“There’s one thing they haven’t changed, the private buryin’-plot.”
“Family?”
“Hogg’s there, all right, an’ never a parson in the countryside dared to speak to God about his soul, when they laid him there. His nephew, too, that was as black-hearted as himself. But the rest of the graves has got no headstones.”
“Slaves?”
“Them as he kept for his own service an’ killed in his tantrums. Nobody knows how many. You can see the bend of the creek where they lie, from the road, and the old willows that lean over ’em.”
“Cheerful sort of person the late Mr. Hogg seems to have been. Any relics of his trade in the house?”

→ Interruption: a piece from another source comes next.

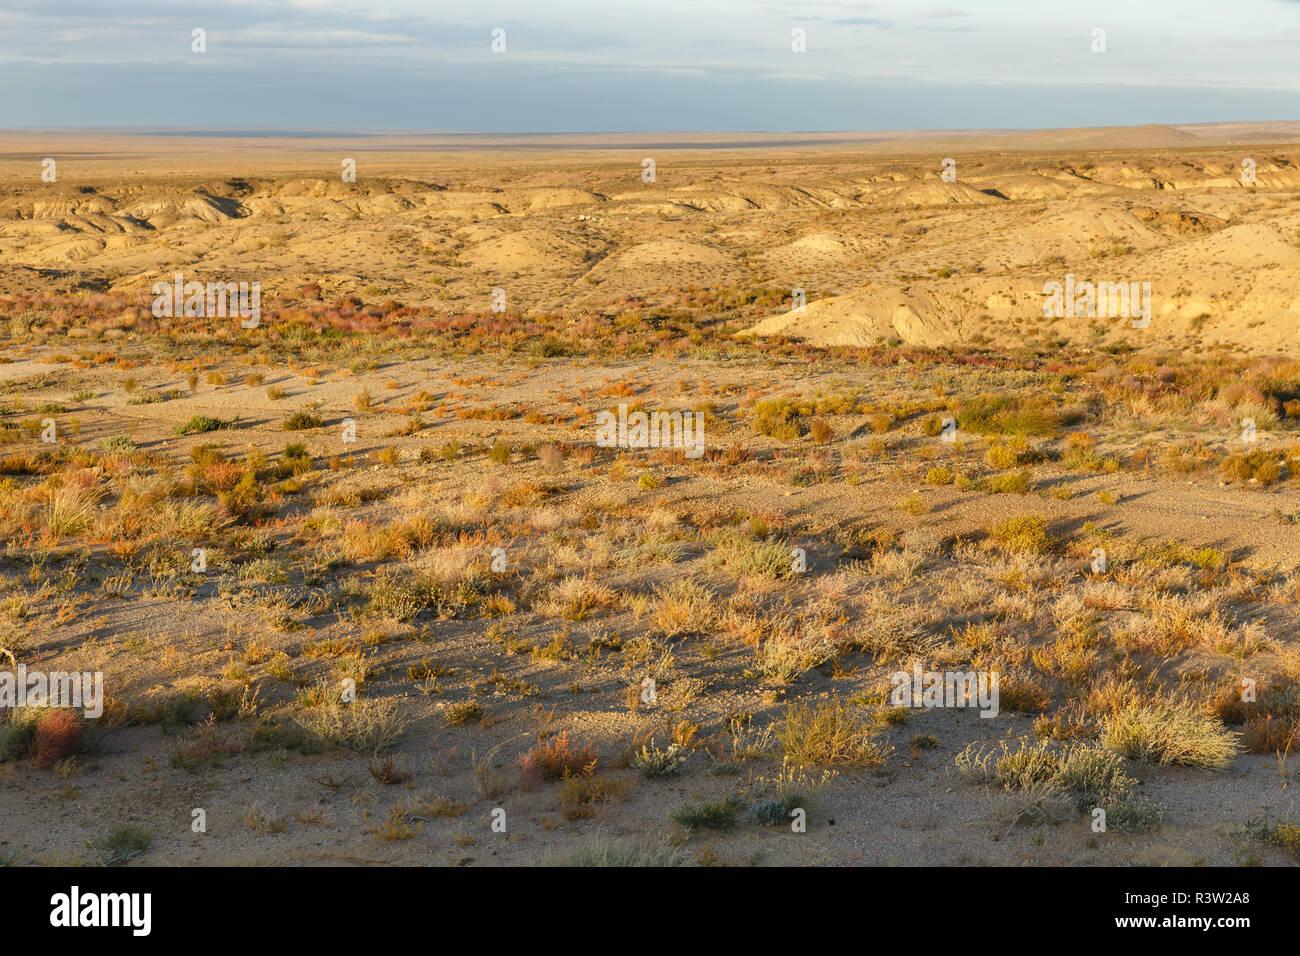 gobi desert mongolia - Stock Image

“Relics? You may say so! His old pistols, and compasses, guns, nautical instruments, and the leaded whalebone whip that they used to say he slept with. They’ve got ’em hung on the walls now for ornyments. Ornyments! If they’d seen ’em as I’ve seen ’em, they’d sink the dummed things in a hundred fathom o’ clean sea.”
“Sailor Smith was cabin-boy on one of the old Hogg fleet one voyage,” explained Elder Dennett.
“God forgive me for it!” said the old man. “There they hang; and with ’em the chains and—”
“Isn’t that lamp finished yet?” demanded Kent, turning sharply upon Elder Dennett.